The Tex-Mexplainer series explores the ingredients, techniques, history, and culture of Mexican food in Texas.

Since the colonial era, Mexican cooks have adopted immigrant cuisines to create hybrid dishes. The taco al pastor, for example, uses pork from Spanish pigs cooked on a Lebanese vertical roasting spit. Mexican sushi was born of the same pragmatism and flair for innovation.

In the late nineteenth century, Japanese laborers emigrated to Mexico to work on coffee plantations, farms, and railroads. Eventually, Japanese restaurants opened in Mexico City to serve the growing community. ICHI Restaurante has been operating since 1959, and Sushi Dai has been open for more than thirty years. As more Mexicans patronized the restaurants, owners began adapting dishes to their tastes. 

In the decades since, Mexican sushi has spread across Mexican border states and into the U.S., particularly via chains such as La Laguna Mariscos and Sushi, based in Nuevo Laredo, and Culichi Town, a California brand with outposts in Houston and Mesquite. 

Today, Mexico City natives and siblings Brenda and Alex Sarmiento co-own ten-year-old Yellowfish Sushi, in San Antonio. Brenda describes the restaurant’s specialty as sushi a la mexicana. “It’s the sushi I grew up with,” she says. The dishes employ classic proteins, such as salmon, that flirt with Mexican ingredients.

The Cowboy Roll is an example of the Sarmientos’ bold creations. It’s composed of nori jammed with fried crawfish, cream cheese, and spicy mayo, then blanketed with melted Monterey Jack cheese and drizzled with chipotle mayo. A roll stuffed with carnitas was a recent special.
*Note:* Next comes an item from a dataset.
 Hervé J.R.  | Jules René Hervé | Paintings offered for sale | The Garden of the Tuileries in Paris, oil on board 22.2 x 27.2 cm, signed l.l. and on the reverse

Cooked meat is a typical filling in Sinaloan-style sushi, which rose to popularity in the early aughts in the northwestern coastal state. According to common lore, this style was created by Mexicans who’d returned home after working in California sushi joints. Now it’s easy to find rolls (sometimes deep-fried) that are bulky with carne asada and milanesa de pollo.

At another San Antonio restaurant, El Remedio, Joshua Palacios channels his Sinaloa-born grandfather. The El Remedio Roll combines beef, chicken, bacon, avocado, cream cheese, and mozzarella and is drizzled with tangy eel sauce. “It was a surprise hit,” Palacios says. Feeding our hearty appetite for cross-cultural cuisines, Mexican sushi rolls its way—slowly, for now—across Texas.